Blue Velvet (1986)

blue-velvetDavid Lynch’s entertaining Hitchockian thriller. Just forget the trite theme about “the underbelly of small towns” that some writers get stuck on here. You’d have to be defective to be surprised by the notion that people are freaky everywhere. The placid setting here largely serves as contrast to the brutality. Blue Velvet, above all else, like most Lynch films, is about mystery. Kyle MacLachlan’s Jeffrey Beaumont is the definitive Lynchian hero: a character who loves mystery for its own sake. When he finds a severed ear in the grass in his little Andy Griffith timber town, he doesn’t independently pursue the case (after turning over the ear to the police) out of any sense of justice. He’s not a wannabe cop or an avenger. His fetish is secrets. He just wants to press his nose against the glass and see, as he puts it, “something that was always hidden”. His troubles start when the people on whom he’s spying (a demonic Dennis Hopper and a sad-eyed Isabella Rossellini) see him.
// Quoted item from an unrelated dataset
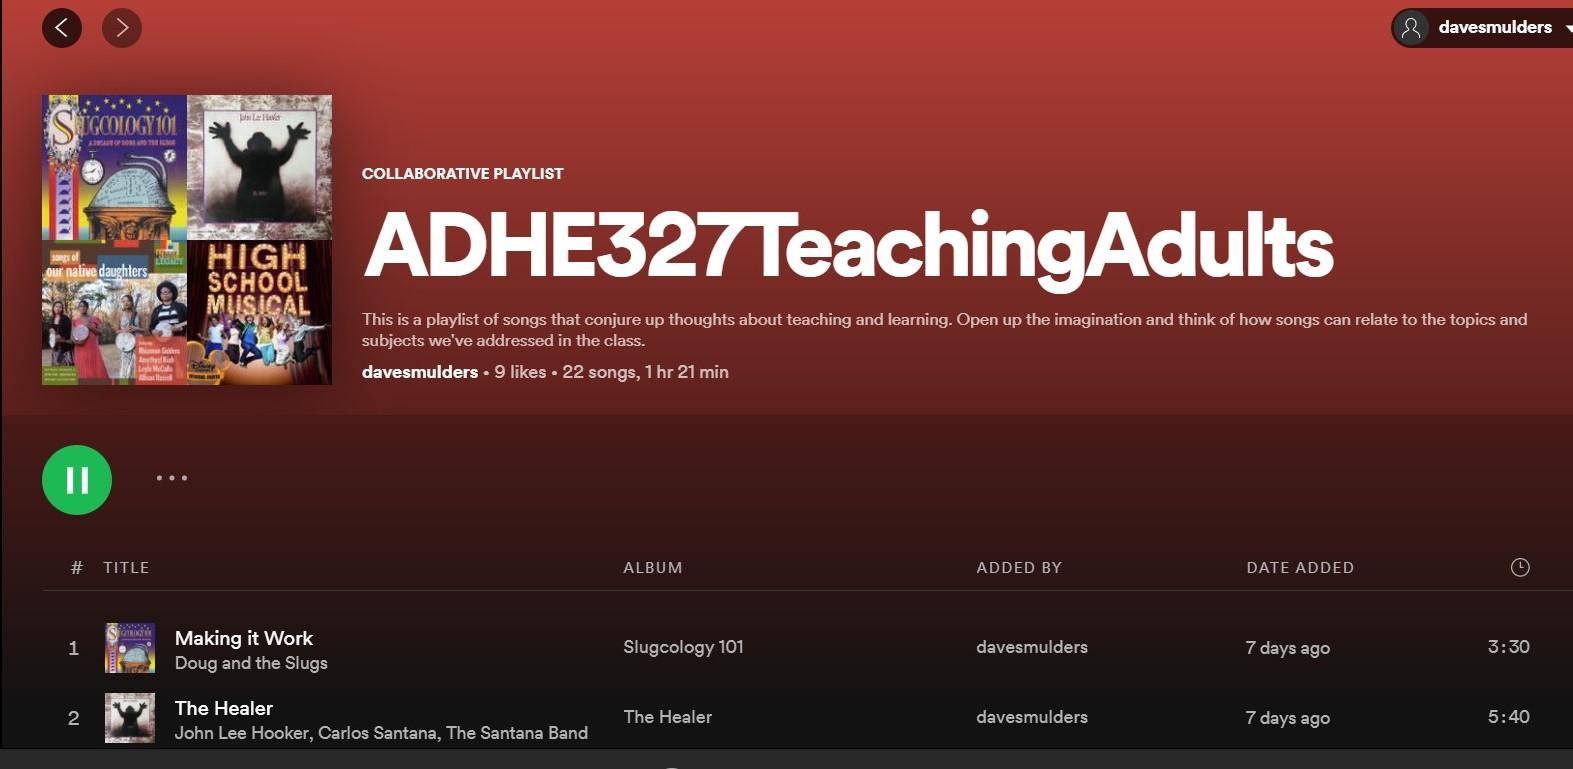 screenshot of my class's Spotify Playlist at https://open.spotify.com/playlist/4fvnLUFuMuJkQis60JOlYk

This movie was a comeback for both Lynch and Dennis Hopper. Lynch’s previous film, Dune, was a mega-budget flop, the kind of disaster that ends careers. After that, he wanted to make a more personal film over which, unlike on Dune, he had complete artistic control and he took a reduced salary and a small budget to get it. As for Hopper, by the 80s, everyone wrote him off as a drug and alcoholism casualty, and his performance here as Frank Booth, the nastiest and most quotable movie villain of the decade, reminded everyone that he was still vital.